PROBLEM DESCRIPTION
Only the lines from the one holding "The lasting physical" through the end of the material are to be repeated, exactly and without pictures.

DATASET EXCERPT
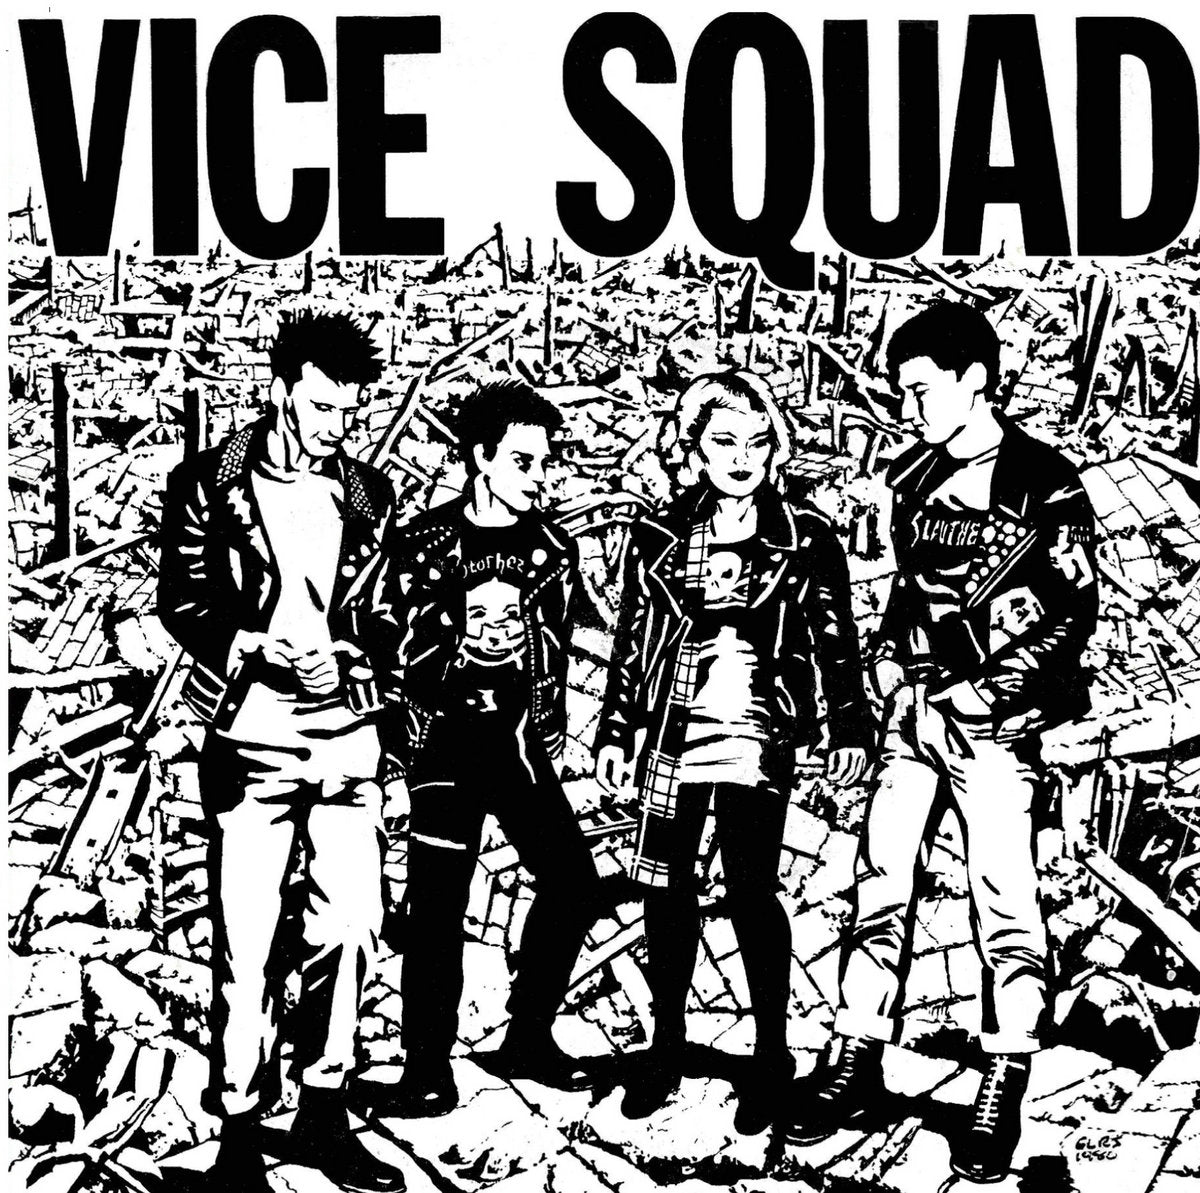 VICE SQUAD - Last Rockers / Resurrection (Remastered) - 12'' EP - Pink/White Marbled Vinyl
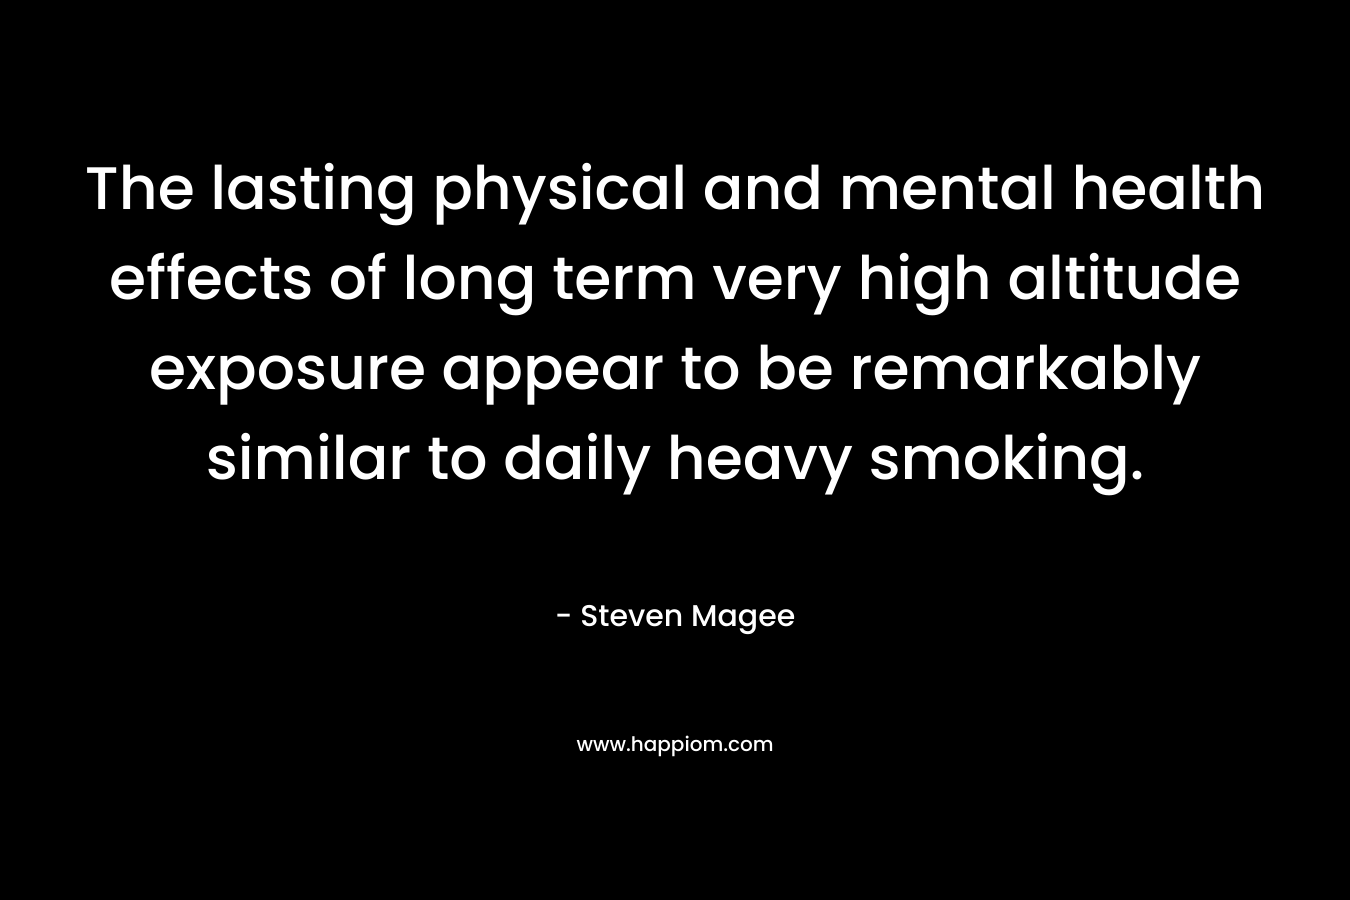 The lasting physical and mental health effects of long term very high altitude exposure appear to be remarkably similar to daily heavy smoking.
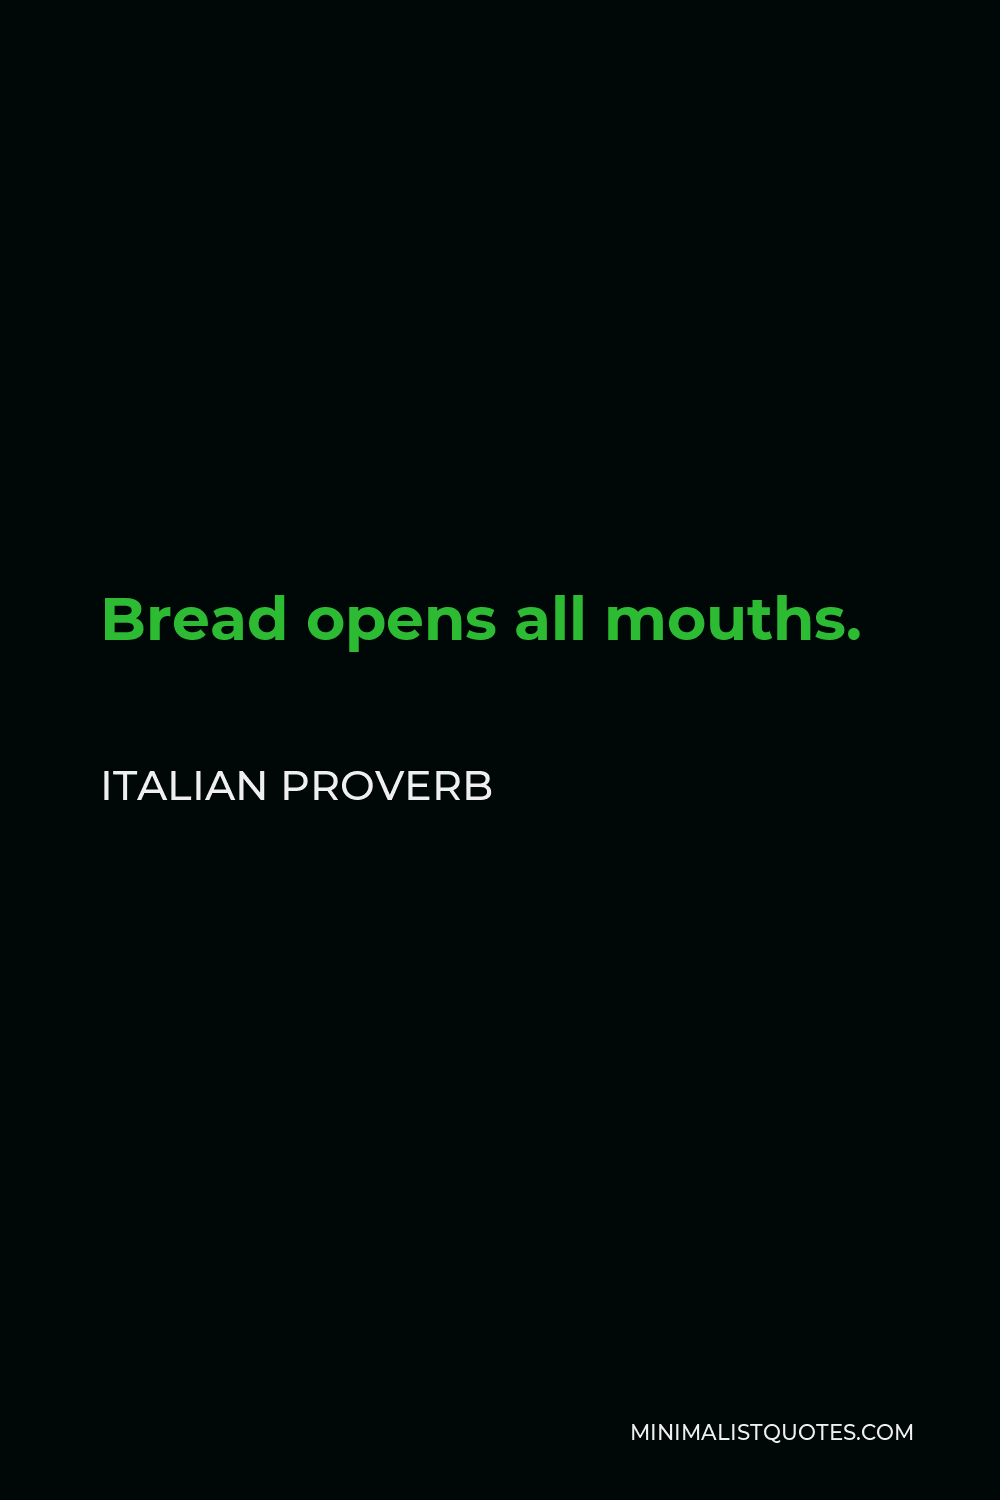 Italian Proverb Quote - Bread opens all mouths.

RESPONSE TO THE EXERCISE
 The lasting physical and mental health effects of long term very high altitude exposure appear to be remarkably similar to daily heavy smoking.
 Italian Proverb Quote - Bread opens all mouths.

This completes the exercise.